Extracted records:
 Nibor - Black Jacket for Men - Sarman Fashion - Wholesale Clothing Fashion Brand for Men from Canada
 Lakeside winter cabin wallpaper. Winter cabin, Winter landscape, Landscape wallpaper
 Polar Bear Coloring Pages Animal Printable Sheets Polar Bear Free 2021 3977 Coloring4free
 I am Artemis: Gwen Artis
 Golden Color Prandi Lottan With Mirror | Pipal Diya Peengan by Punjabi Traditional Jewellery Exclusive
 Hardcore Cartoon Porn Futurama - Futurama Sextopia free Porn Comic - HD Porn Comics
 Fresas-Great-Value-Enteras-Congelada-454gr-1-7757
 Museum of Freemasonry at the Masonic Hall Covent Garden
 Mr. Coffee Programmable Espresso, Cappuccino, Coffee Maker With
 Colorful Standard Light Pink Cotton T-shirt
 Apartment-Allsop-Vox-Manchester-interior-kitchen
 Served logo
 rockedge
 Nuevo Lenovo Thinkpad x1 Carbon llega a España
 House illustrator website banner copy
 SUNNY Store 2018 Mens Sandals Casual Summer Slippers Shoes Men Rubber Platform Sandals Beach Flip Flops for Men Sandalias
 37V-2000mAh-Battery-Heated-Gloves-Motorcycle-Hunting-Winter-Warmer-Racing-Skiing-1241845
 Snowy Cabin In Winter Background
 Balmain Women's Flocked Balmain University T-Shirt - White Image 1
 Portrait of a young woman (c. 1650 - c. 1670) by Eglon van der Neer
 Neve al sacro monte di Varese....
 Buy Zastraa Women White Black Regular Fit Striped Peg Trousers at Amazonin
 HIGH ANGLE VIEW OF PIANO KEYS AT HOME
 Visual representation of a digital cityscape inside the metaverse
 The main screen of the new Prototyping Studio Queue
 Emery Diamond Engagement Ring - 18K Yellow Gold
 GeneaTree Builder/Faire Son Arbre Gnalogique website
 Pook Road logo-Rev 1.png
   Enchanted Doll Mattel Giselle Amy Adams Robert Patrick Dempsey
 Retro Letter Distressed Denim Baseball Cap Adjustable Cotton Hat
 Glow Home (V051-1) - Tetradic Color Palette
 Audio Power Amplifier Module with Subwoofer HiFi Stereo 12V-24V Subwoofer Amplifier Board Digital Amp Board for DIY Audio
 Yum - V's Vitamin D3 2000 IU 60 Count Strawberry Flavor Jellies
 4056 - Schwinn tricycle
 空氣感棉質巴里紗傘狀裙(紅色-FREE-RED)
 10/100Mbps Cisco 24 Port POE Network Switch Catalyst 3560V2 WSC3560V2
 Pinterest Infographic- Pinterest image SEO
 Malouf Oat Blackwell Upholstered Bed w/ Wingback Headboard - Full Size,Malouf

[Activity] Take the entries above and return only the lines from the one with "Balmain Women's Flocked" to the one with "The main screen", both included, unchanged.

[Task response]
 Balmain Women's Flocked Balmain University T-Shirt - White Image 1
 Portrait of a young woman (c. 1650 - c. 1670) by Eglon van der Neer
 Neve al sacro monte di Varese....
 Buy Zastraa Women White Black Regular Fit Striped Peg Trousers at Amazonin
 HIGH ANGLE VIEW OF PIANO KEYS AT HOME
 Visual representation of a digital cityscape inside the metaverse
 The main screen of the new Prototyping Studio Queue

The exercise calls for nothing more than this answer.